Le prochain spectacle en audiodescription est celui de François Morel La Fin du monde est pour dimanche, vendredi 7 novembre 2014.

 

Quant à la fondation Louis Vuitton dans son tout nouvel écrin, elle a pensé à tout et les 7000 mètres carrés d'exposition des collections d'art contemporain sont accessibles aux visiteurs quel que soit leur handicap. Le personnel a été spécialement formé à l'accueil et aux différentes médiations et les équipements ou dispositifs de médiation sont au rendez-vous, notamment pour les visiteurs aveugles ou malvoyants : contenus audio compatibles avec l'application Voice Over pour Iphone, bandes de guidage podotactiles à l'extérieur, et de vigilance à l'intérieur, bornes sonores, maquettes tactiles des lieux avec relief, braille et texte en noir.

 

Plus ponctuelle mais à saluer aussi, la semaine de l'accessibilité que le musée du quai Branly met en place à l'occasion de la Journée Internationale des personnes handicapées le 3 décembre.
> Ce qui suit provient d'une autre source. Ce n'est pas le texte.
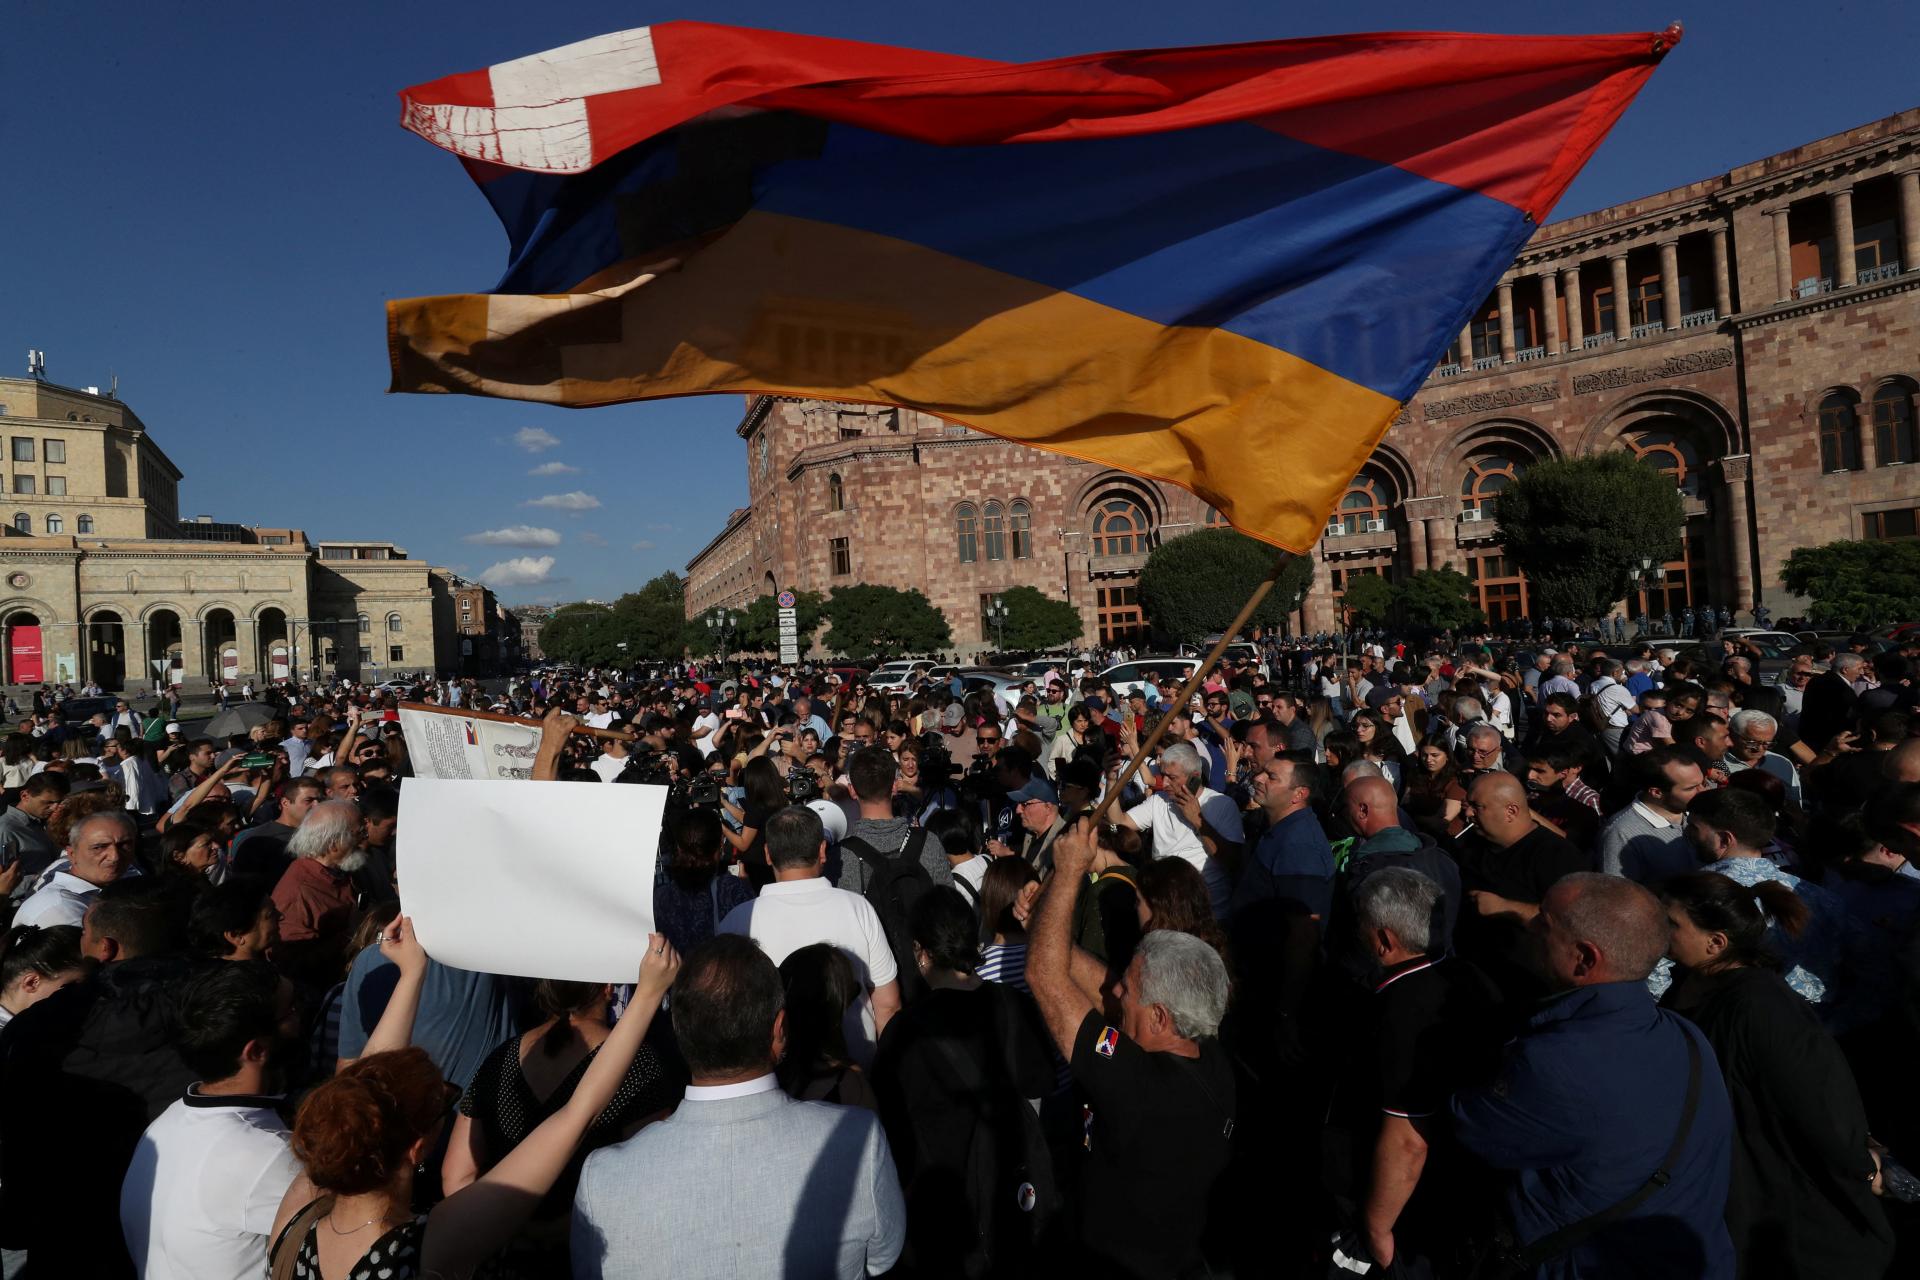 ANALÝZA: Nové ruské zlyhanie sa volá Karabach. Neúprosný konflikt je po 30 rokoch na prahu veľkého zlomu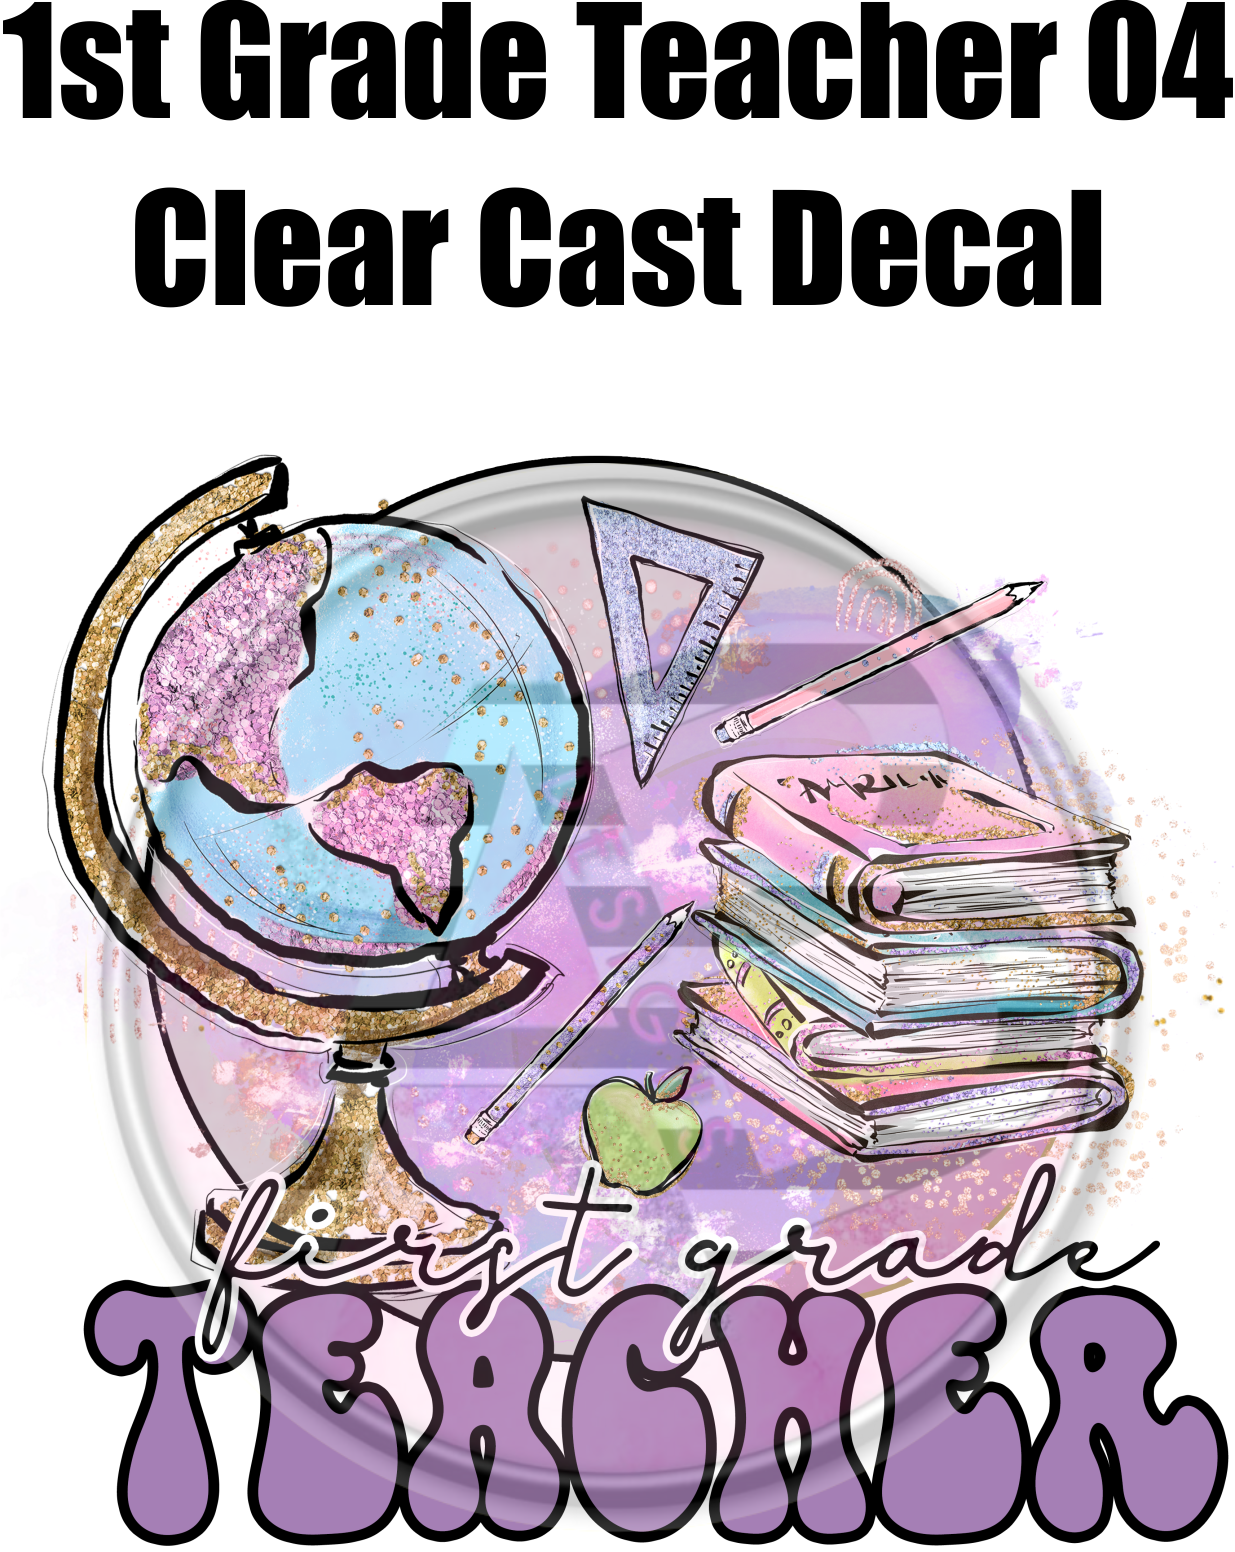 1st Grade Teacher 04 - Clear Cast Decal - 53

Le musée propose pendant une semaine, du 29 novembre au 7 décembre 2014, l'entrée gratuite pour les personnes en situation de handicap et leur accompagnateur, et des activités gratuites pour voir, toucher, écouter ou ressentir.

 

À Rennes, le centre multiculturel Les Champs Libres, a fait de gros efforts en matière d'accessibilité. S'il n'a pas encore le label tourisme et handicap pour le handicap visuel, la bibliothèque y propose néanmoins des rendez-vous spécifiques comme ces rencontres « des livres à l'oreille » qui font découvrir aux visiteurs livres audio, CD Daisy, romans ou documentaires ou encore « Écouter voir en chambre noire », une projection de film en audiodescription chaque mois.

 

Quant aux établissements et équipements culturels qui sont encore dans le flou et se demandent par où commencer pour être accessibles, ils peuvent trouver des informations sur le site internet du ministère de la culture et de la communication.

 

Enfin, si vous-mêmes êtes en situation de handicap sensoriel, rendez-vous sur le site de l'association acces-culture qui propose un agenda des spectacles adaptés pour les handicaps visuel et auditif.

Pour les lieux de visite comme les musées, et pour tous handicaps, explorez la carte interactive de handistrict.